Your copy of the data should match it exactly, leaving out only the pictures.

* Supplied information

********

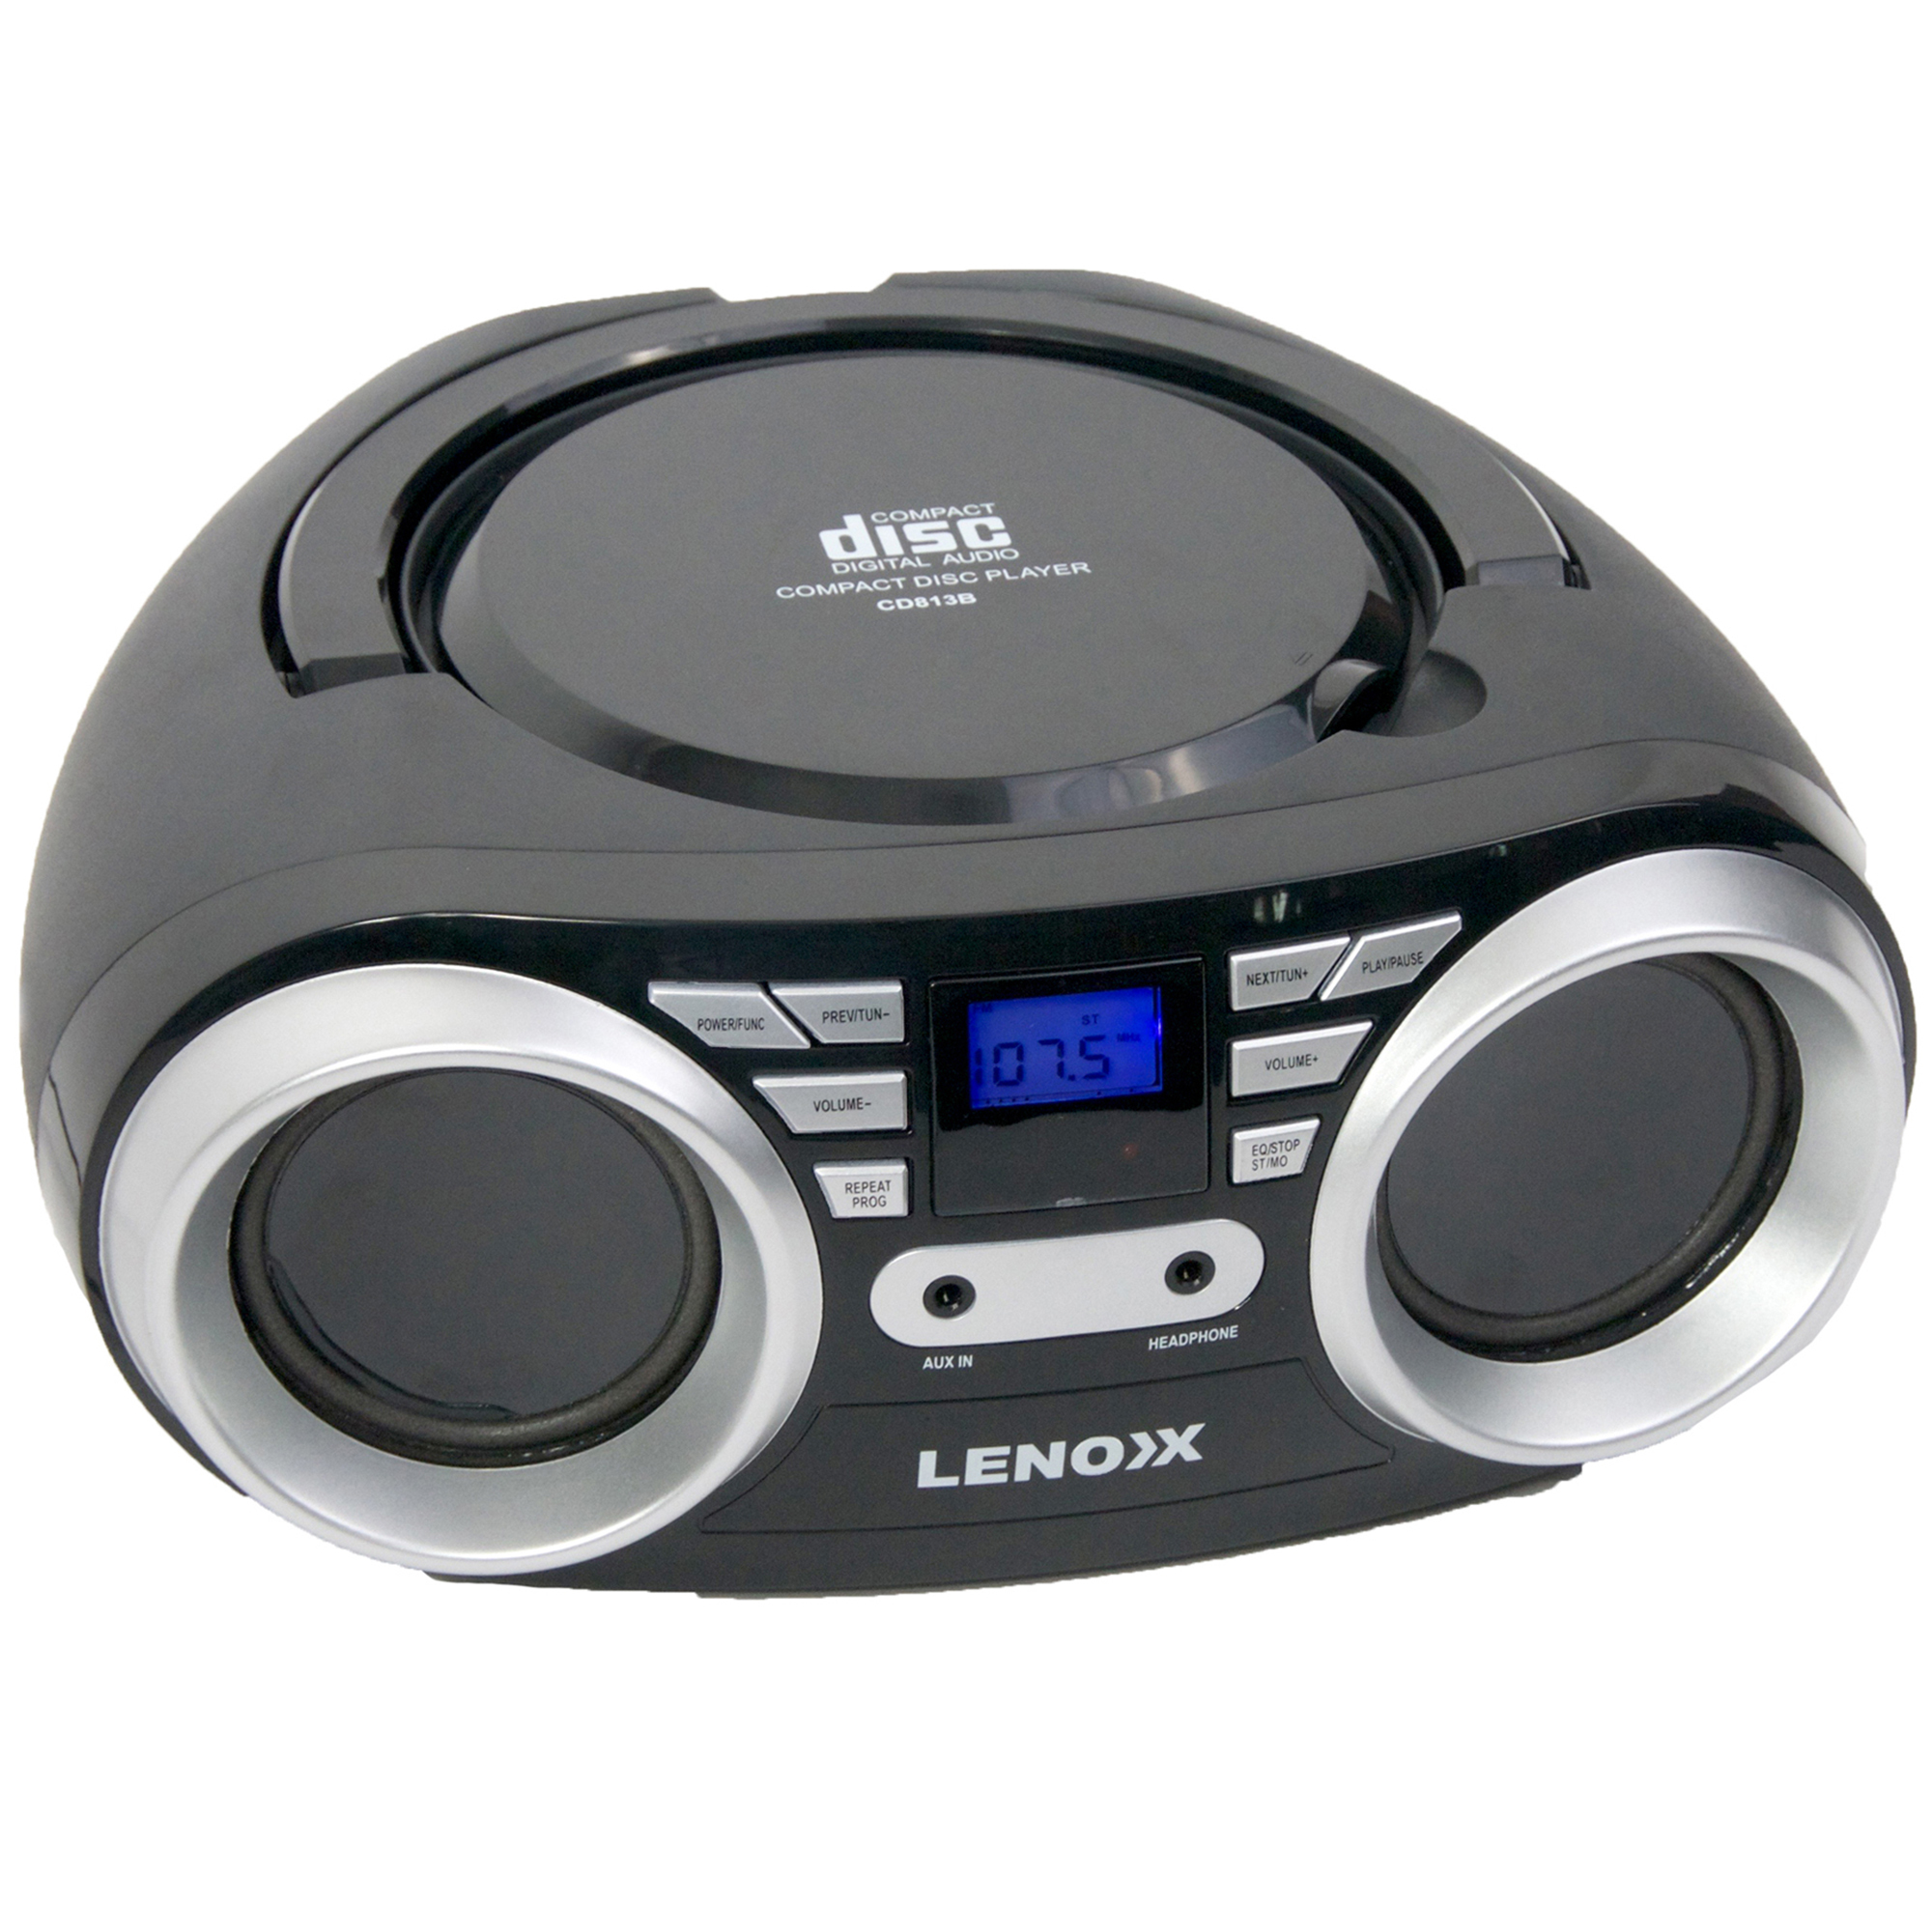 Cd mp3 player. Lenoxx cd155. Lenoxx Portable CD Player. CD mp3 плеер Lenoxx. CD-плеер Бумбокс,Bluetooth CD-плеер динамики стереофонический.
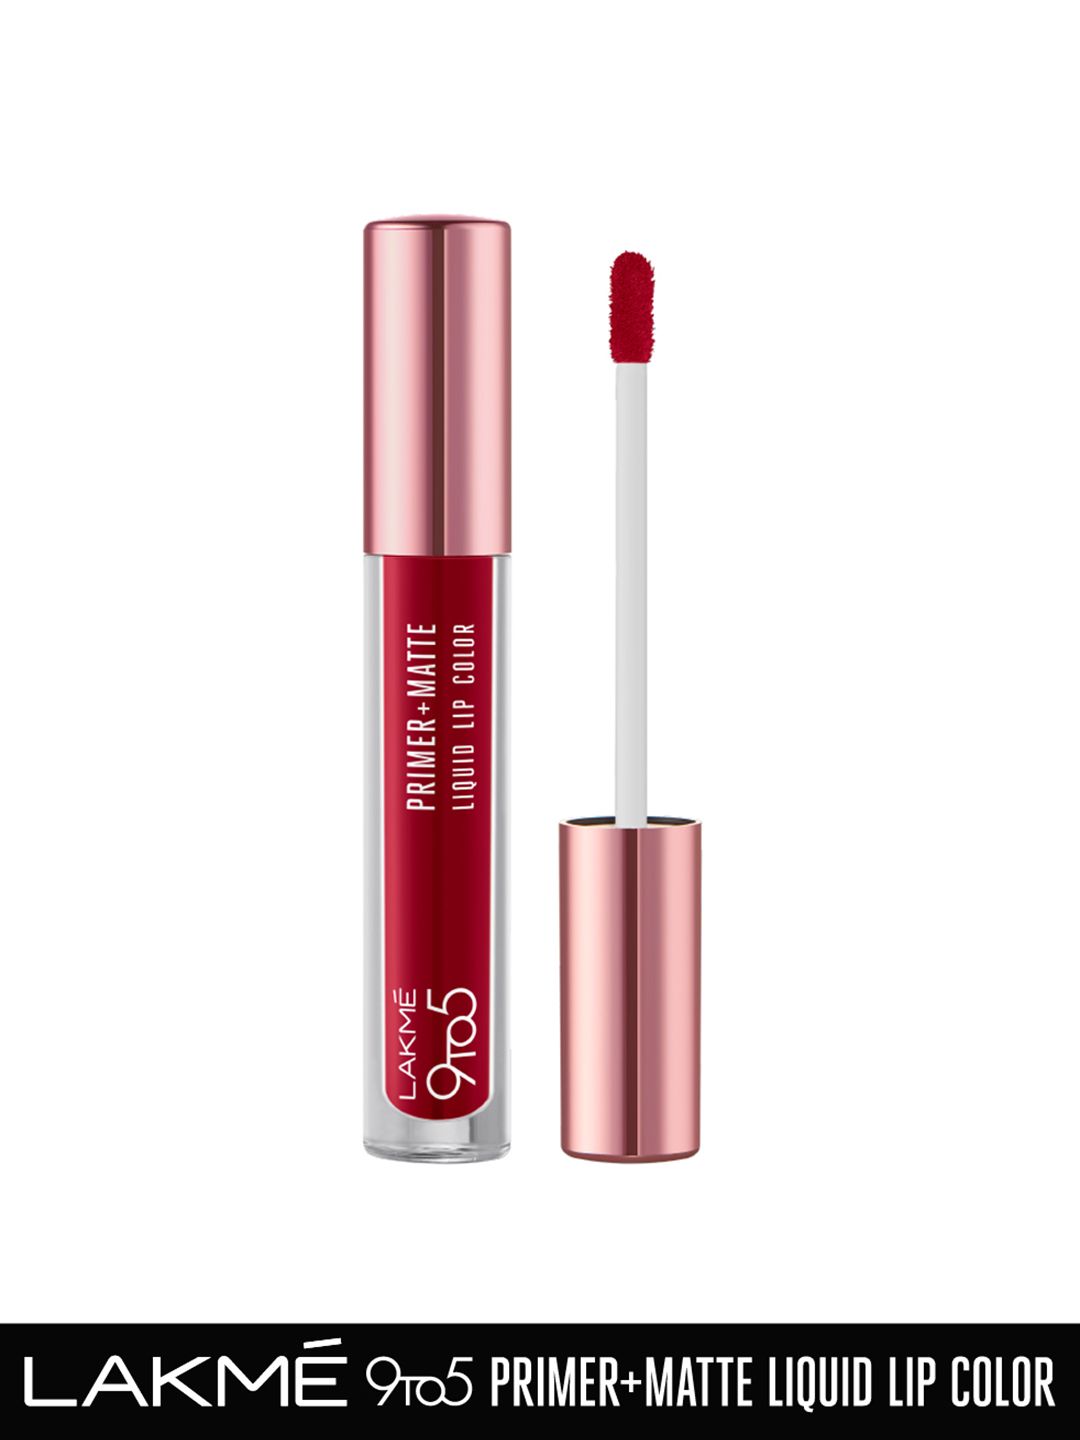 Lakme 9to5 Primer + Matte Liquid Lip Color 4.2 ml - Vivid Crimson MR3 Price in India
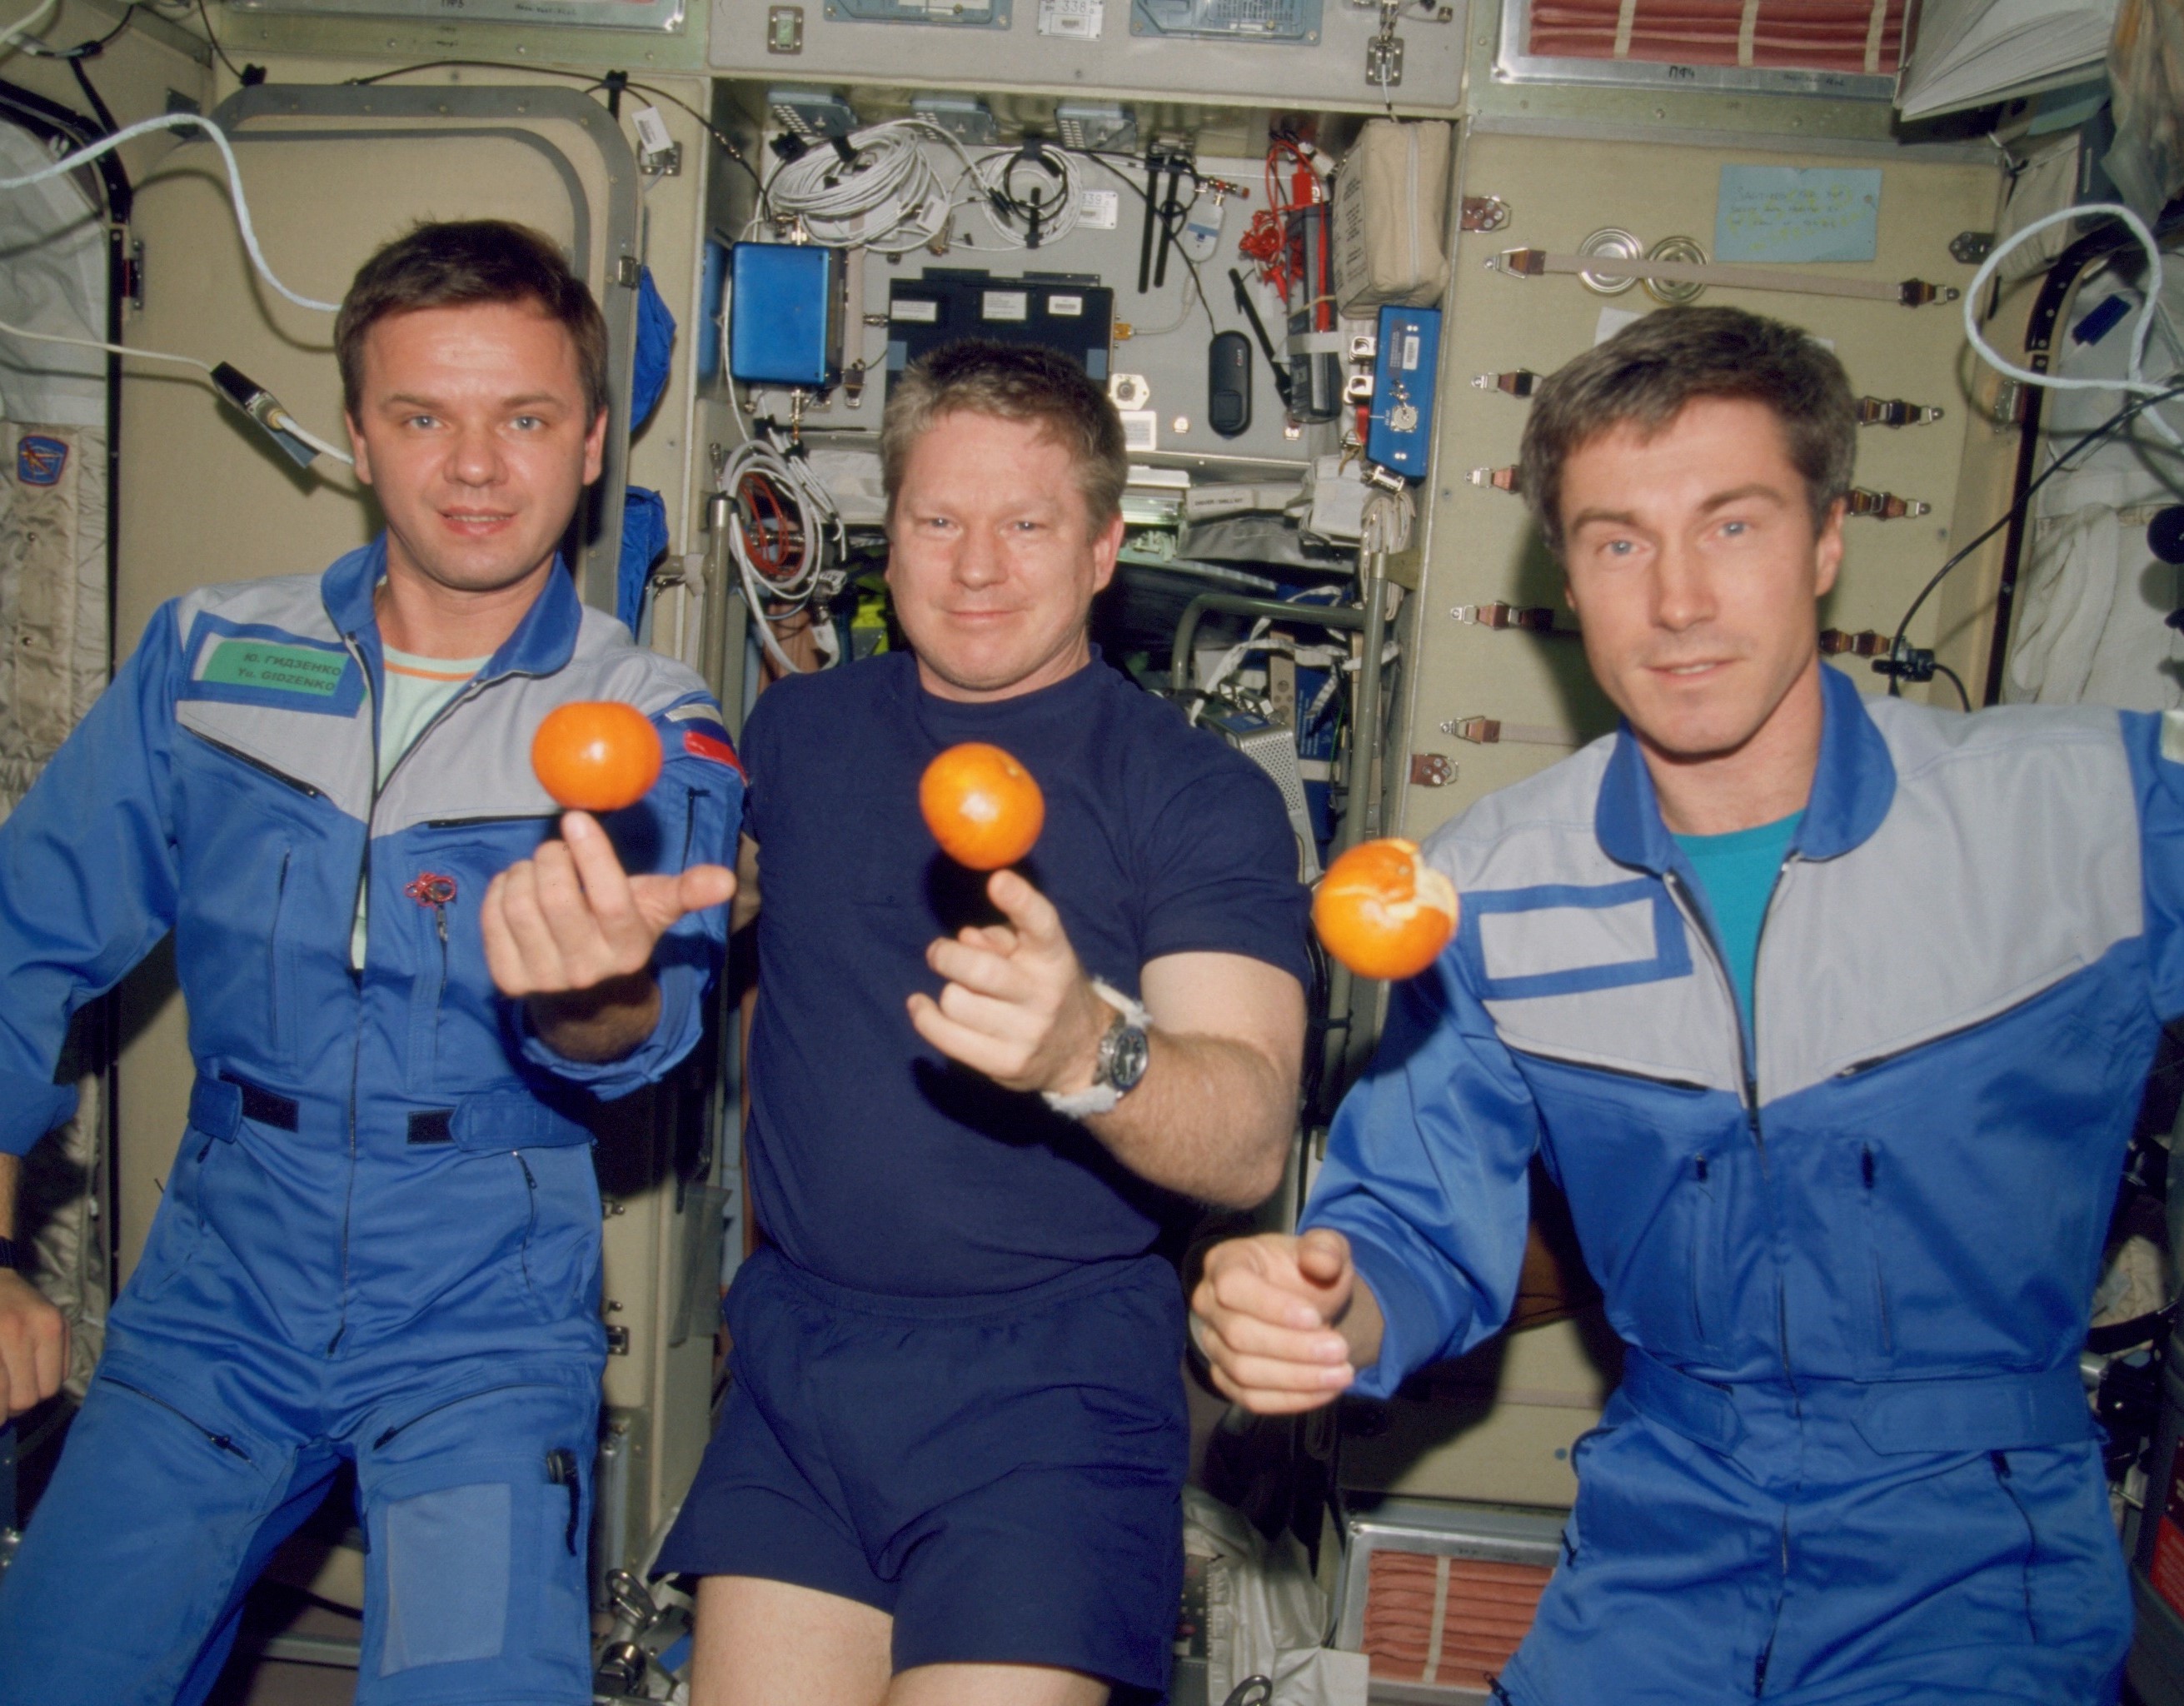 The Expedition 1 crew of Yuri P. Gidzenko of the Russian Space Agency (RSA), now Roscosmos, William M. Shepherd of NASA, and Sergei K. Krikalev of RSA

********

* Solution for this task
 Cd mp3 player. Lenoxx cd155. Lenoxx Portable CD Player. CD mp3 плеер Lenoxx. CD-плеер Бумбокс,Bluetooth CD-плеер динамики стереофонический.
 Lakme 9to5 Primer + Matte Liquid Lip Color 4.2 ml - Vivid Crimson MR3 Price in India
 The Expedition 1 crew of Yuri P. Gidzenko of the Russian Space Agency (RSA), now Roscosmos, William M. Shepherd of NASA, and Sergei K. Krikalev of RSA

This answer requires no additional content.